--- Given information ---

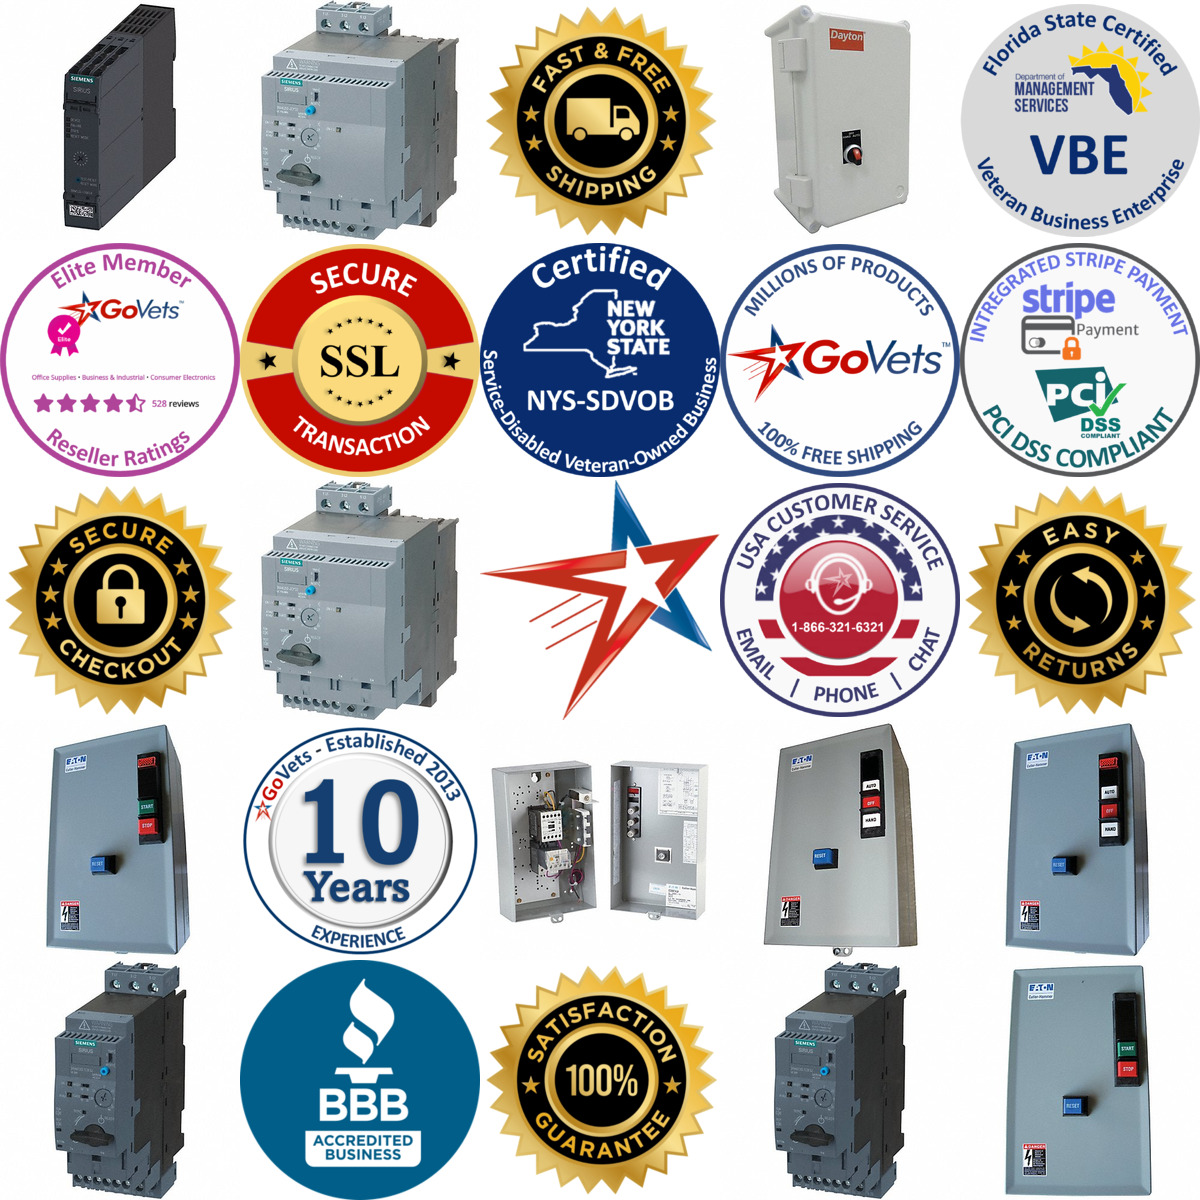 A selection of Iec Magnetic Motor Starters products on GoVets
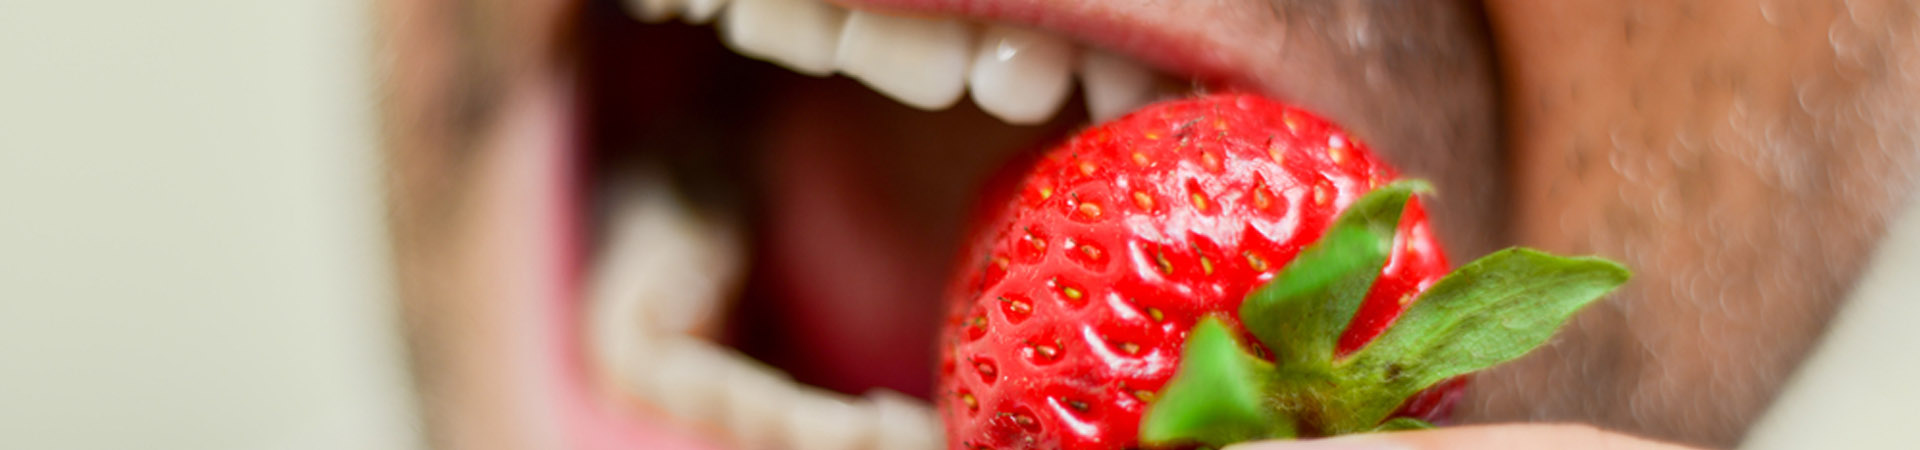 Oral Allergy Syndrome Explained
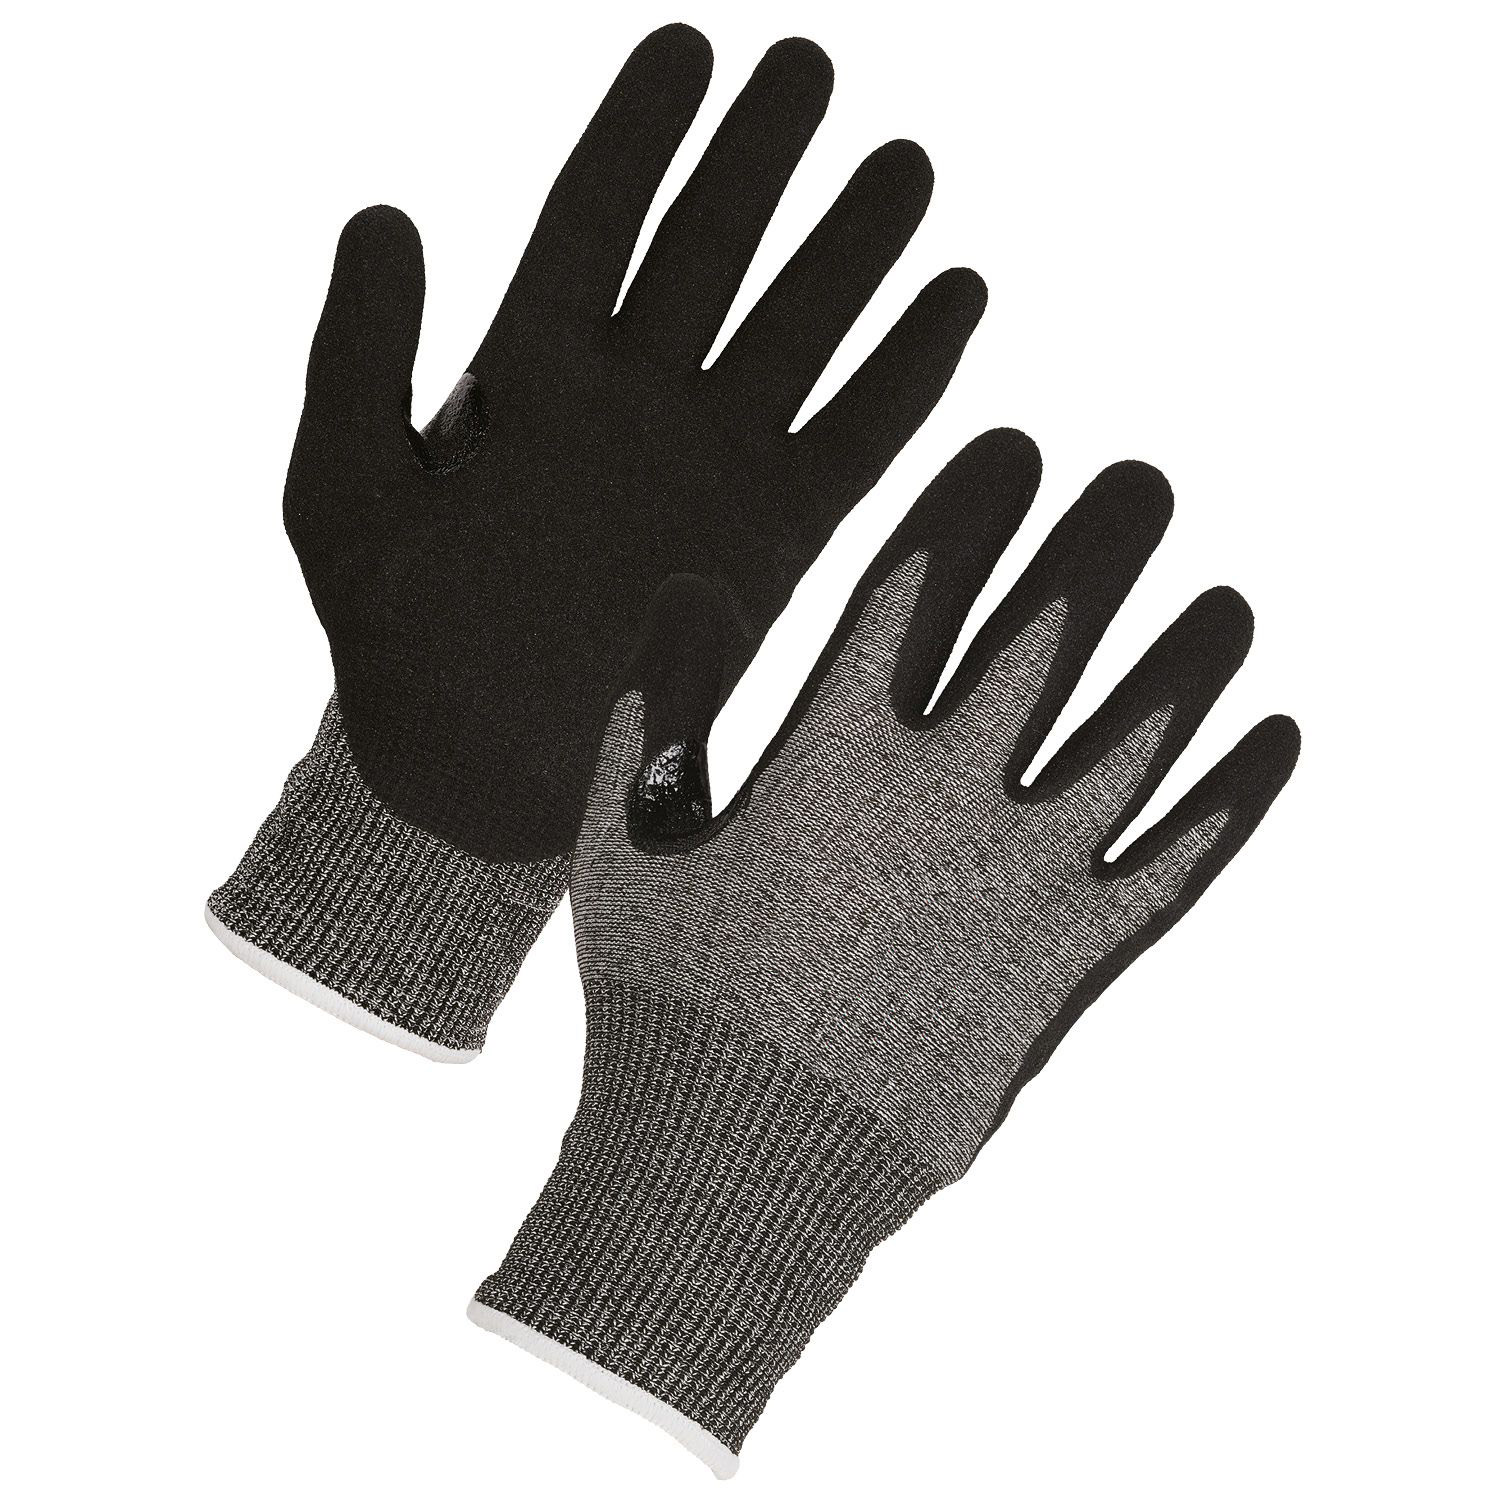 Anti-Cut Oil-Resistant Water Repellent Gloves with Palm Coating

---

_Your task_. Leave the pictures out and set down the rest of the listing above exactly.

_Completed exercise_.
 A selection of Iec Magnetic Motor Starters products on GoVets
 Oral Allergy Syndrome Explained
 Anti-Cut Oil-Resistant Water Repellent Gloves with Palm Coating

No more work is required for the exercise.